Гэбриэл тяжело вздохнул и промолчал.

— А Мариам, как же Магдалина? — вдруг вспомнил Лука.

— Мариам с моими смертными детьми, ещё до восстания в 70 году бежали в Аркадию и остались там.

— Так у тебя никогда не было детей, подобных тебе? — спросил Лука.

— Никогда. Все рождались смертными.

— Что это за страна — Аркадия? — спросил Лука.

— Армения. Точнее южная Армения.

— А жена Вараввы, Сарра? Какова её судьба? — поинтересовался Яков.

— Беременная Сарра с дочерью и сыном Иудой отбыли на корабле задолго до моего распятия. И больше я о них ничего не слышал.

— Это всё… — Яков не мог подобрать слова из-за смущения и изумления, — …настолько невероятно. И в то же время всё логично.

— Из всех жрецов остались только я и теперь ты, — сказал Гэбриэл, обращаясь к Луке. — Я — стар, моя смерть не за горами. А вот ты можешь возродить род бессмертных «богов».

— И что я должен сделать?

— Во-первых, ты должен написать историю нашего рода так, как она есть. Я помогу тебе.

— Так ты для этого нашёл нас? — спокойно спросил Яков.

— Да. Чтобы рассказать всё, что я знаю. Плюс к тому, что, возможно, уже рассказала Таис. Но вам нужно срочно уезжать. Вас могут раскрыть.

— А как быть с семитскими религиями? — поинтересовался Яков, не обращая внимания на высказанное предостережение.

— Ну, ты же хочешь их спасти, — отозвался Гэбриэл. — Вот и будешь их Спасителем. Будешь вторым пришествием. Всё теперь в твоих руках. Хочешь спасать, спасай. А не хочешь, — они и так как-нибудь просуществуют. Я бы на твоём месте вовсе не обращал внимания на эти слабости и не заморачивался. Пусть верят хоть в чёрта. Наша задача выжить и возродить род Носителей Истины, Носителей света, белых богов. И задача Луки только возродить род, и никакой политики. Теперь нас трое, плюс ваши друзья. Что захочешь, то и будешь говорить прихожанам, Яков. Тебе решать. Ты Михаил, тебе поручено защищать нового херувима и бога.

— Но я уже дряхлый старик.

— Я, заметь, тоже. После нас Михаилом станет сам Лука. А там, как Бог пошлёт, — улыбнулся старик Гэбриэл.

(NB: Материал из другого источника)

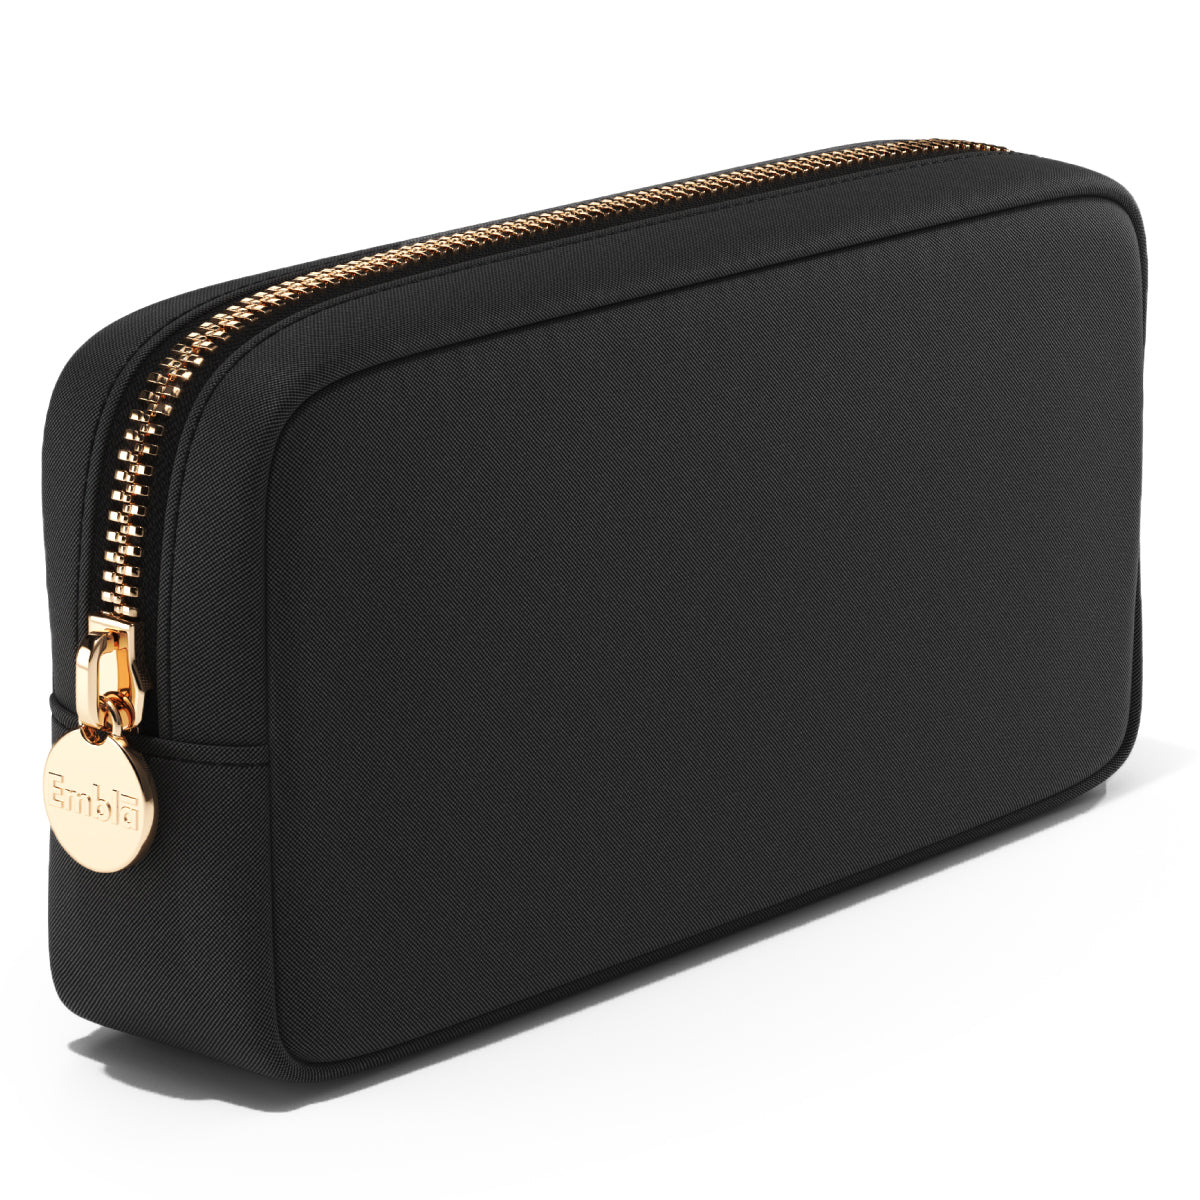 The Small Black Pouch – Embla London

— Но куда же мы отправимся из Новосибирска? — поинтересовался Яков.

— Выберите другой город. Желательно большой. А Лука отправится со мной подальше от любопытных глаз. Ему предстоит долгая жизнь. И за эту долгую жизнь он должен успеть, как можно больше сделать для своего рода. Не переживай, Яков, я буду с ним неотступно. И буду оберегать его, насколько хватил сил и оставшихся лет. Ты, Яков, — благородный человек, хочешь спасти души смертных людей. Но я уже не такой. Ибо чем больше я хотел открыть людям глаза на происходящую действительность, тем хуже всё становилось. Теперь я не вмешиваюсь. Даже если они убивают друг друга миллионами…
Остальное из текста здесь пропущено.